Step 2: Design Test Tiers
Organize tests from fast/narrow to slow/comprehensive:
Tier 1: Unit Tests (seconds)
- •Test individual functions or components in isolation
- •Run after every change
- •Must complete in <30 seconds total
- •Purpose: catch obvious breakage immediately
Tier 2: Integration Tests (minutes)
- •Test interactions between components
- •Run after a batch of related changes
- •Must complete in <5 minutes
- •Purpose: catch interface mismatches and data flow issues
Tier 3: System Tests (minutes to hours)
- •Test the full system end-to-end against the oracle
- •Run after a milestone or before merging
- •May take longer but must be comprehensive
- •Purpose: final validation that the whole system works
For each tier, define:
- •What inputs to use
- •What outputs to check
- •Pass/fail criteria
- •How to run (command or script)
Step 3: Create a Fast Subset for Iteration
Agents need rapid feedback. Create a "smoke test" subset:
- •From each tier, select the most representative tests
- •Aim for <60 seconds total runtime
- •Cover the critical paths — if these pass, the system is probably working
- •Include at least one test per major component
Deterministic Sampling Strategy
WHEN the full test suite has N tests:
- •IF N < 50 → run all of them as the fast subset
- •IF N is 50-500 → select ~10% covering each component, prioritize tests that have caught bugs before
- •IF N > 500 → select a fixed set of ~50 covering all components, plus any test that failed in the last 5 runs
The fast subset should be runnable via a single command (e.g., make test-fast or npm test -- --suite=smoke).

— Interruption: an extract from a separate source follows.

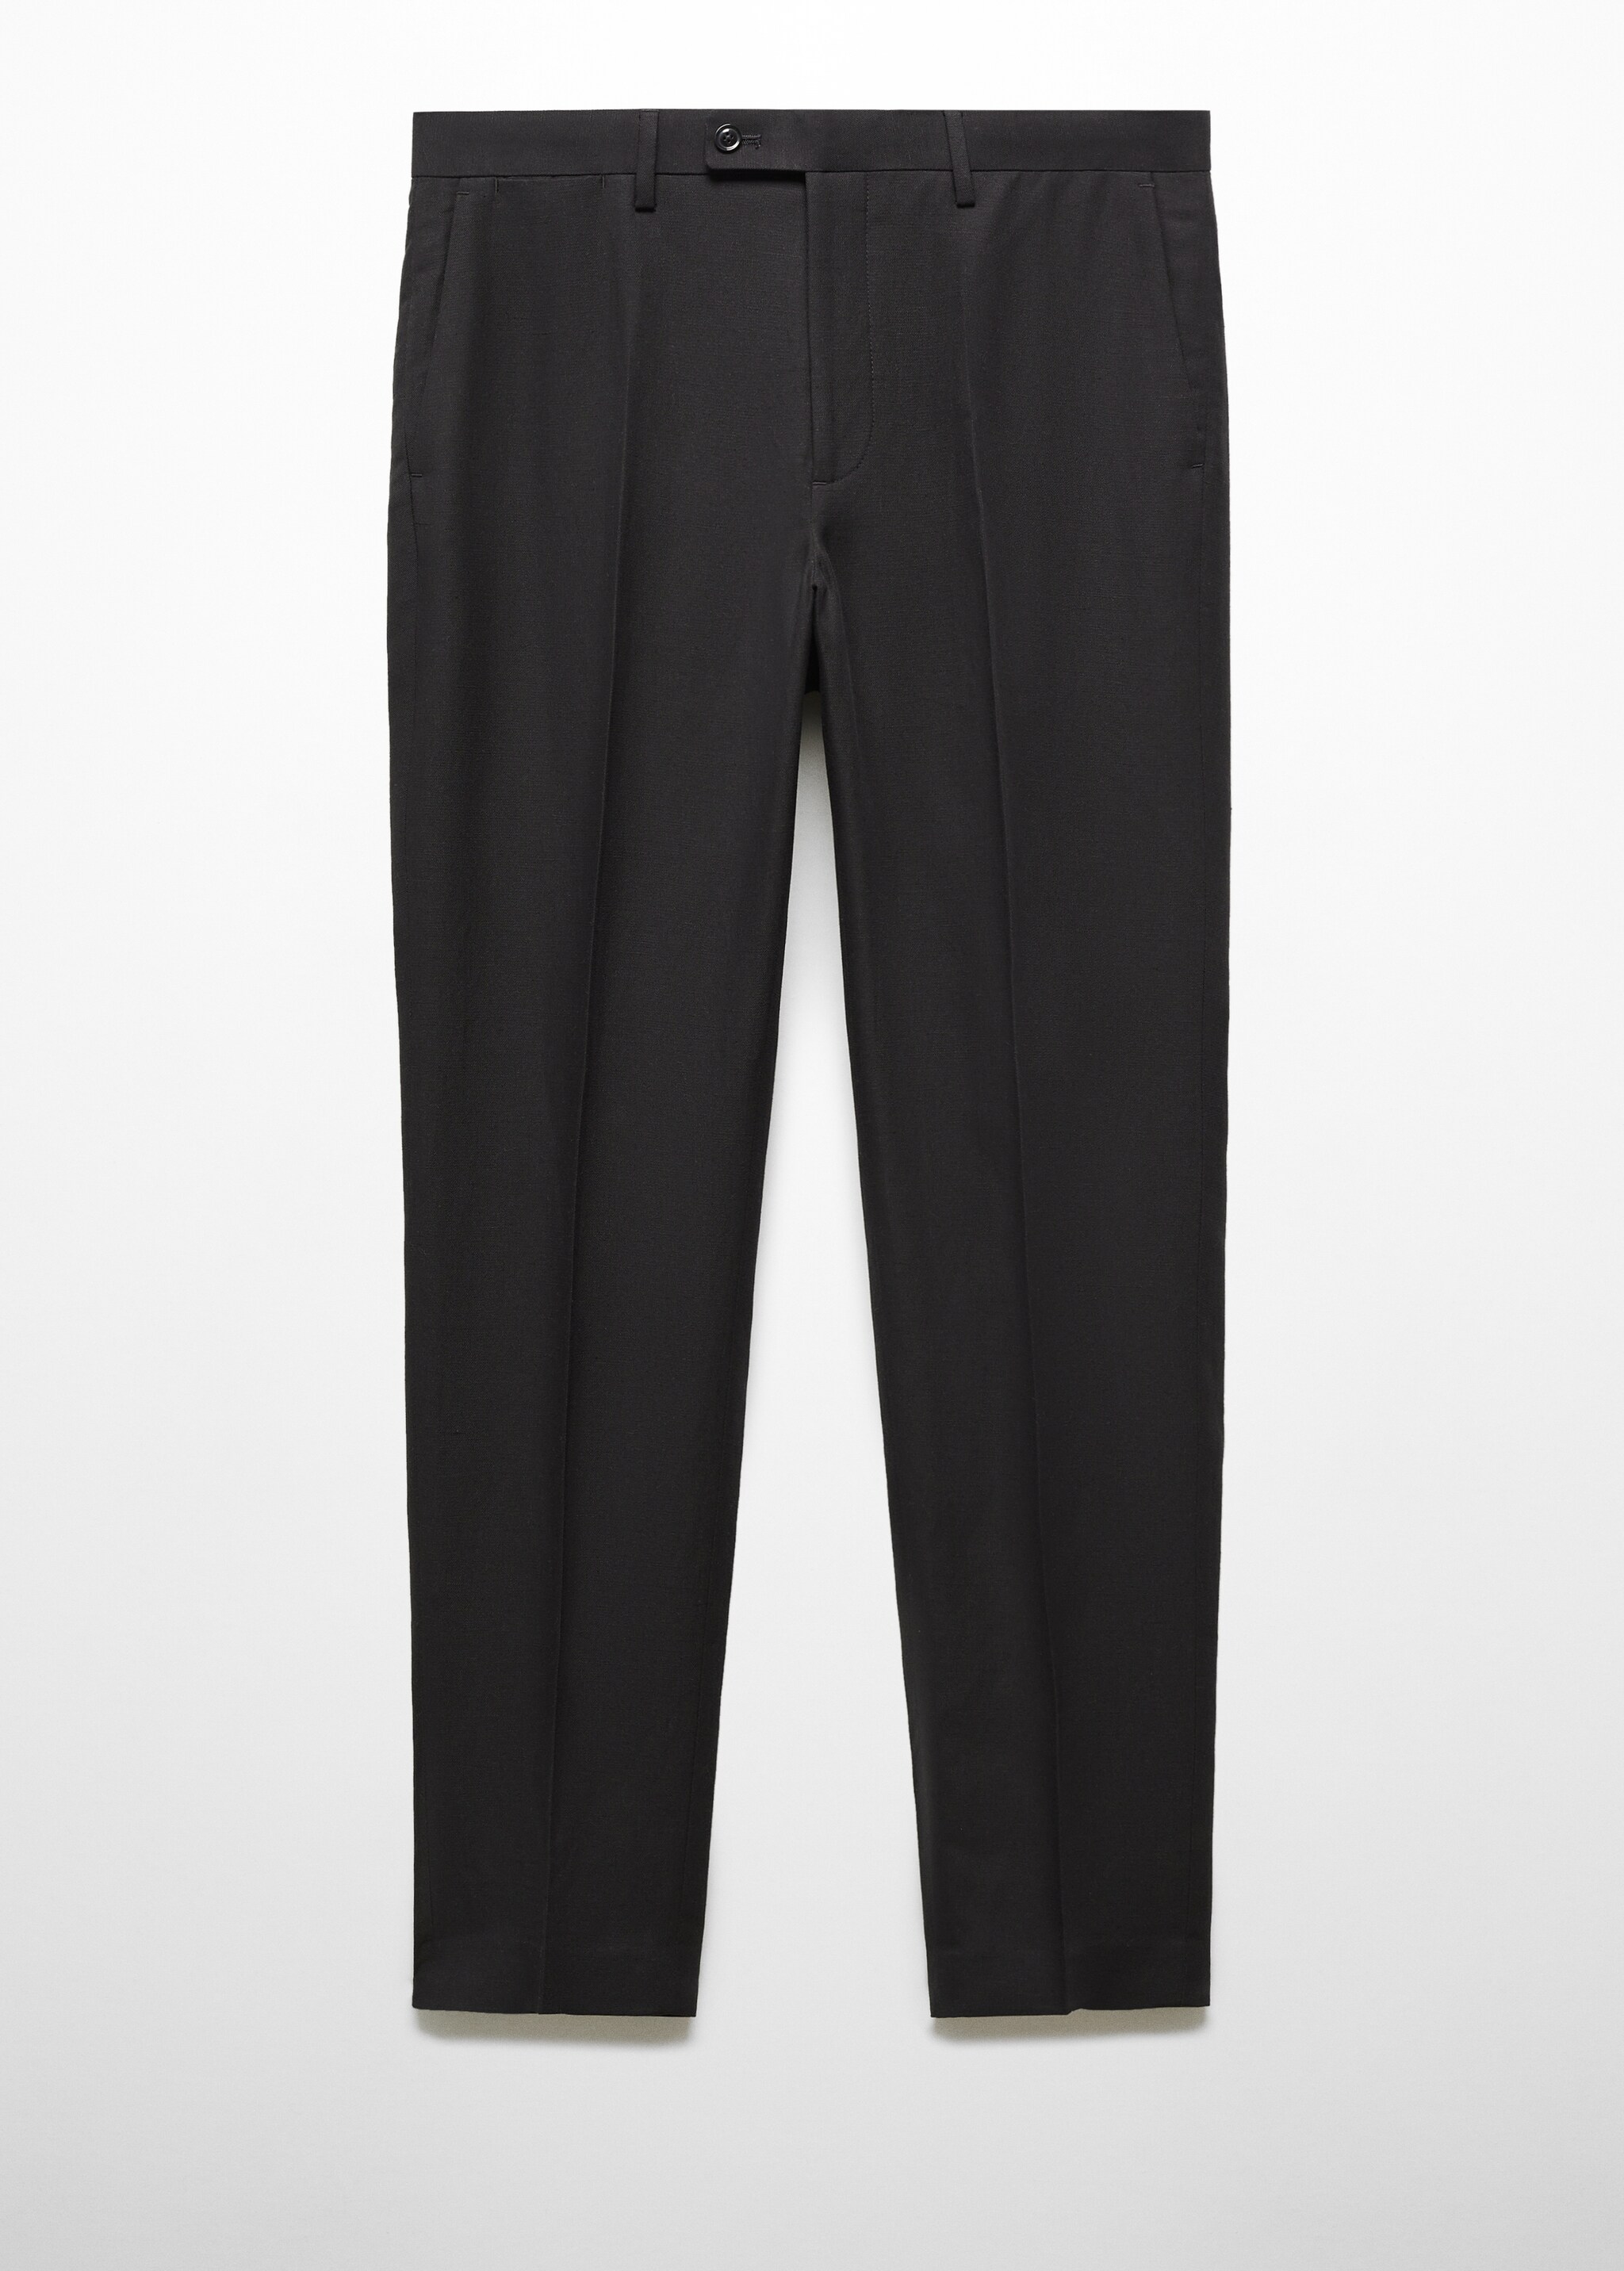 Linen lyocell suit pants - Article without model

Step 4: Structure Error Output for Agent Consumption
Test failures must be machine-readable AND agent-actionable. Every failure should include: test name, component, expected vs actual, diff, investigation path, and context.
See references/error-output-format.md for the full structured format template and test runner configuration guidance.
Step 5: Wire It All Together
Create a test runner script that agents will use:
- •
test-fast— runs the fast subset, returns structured output - •
test-full— runs all tiers sequentially, returns structured output - •
test-against-oracle— runs oracle comparison (if applicable)
Each command should:
- •Exit 0 on all pass, non-zero on any failure
- •Output structured failure information (Step 4 format)
- •Report summary:
PASS: N, FAIL: M, SKIP: K
Configure agents to run test-fast after every change and test-full before committing.
Examples
Example: Designing Tests for a Compiler Project
User says: "I'm building a C compiler and want agents to work on it autonomously"
Result: GCC used as oracle, 3 test tiers (unit/integration/system), fast subset of 25 tests running in 20 seconds, structured error output pointing agents to specific codegen functions.
Example: Tests for an API Migration
User says: "Migrate REST API from v1 to v2, agents should handle each endpoint"
Result: v1 API used as oracle on staging, schema validation per endpoint as fast subset (10 seconds), behavioral parity tests for full validation.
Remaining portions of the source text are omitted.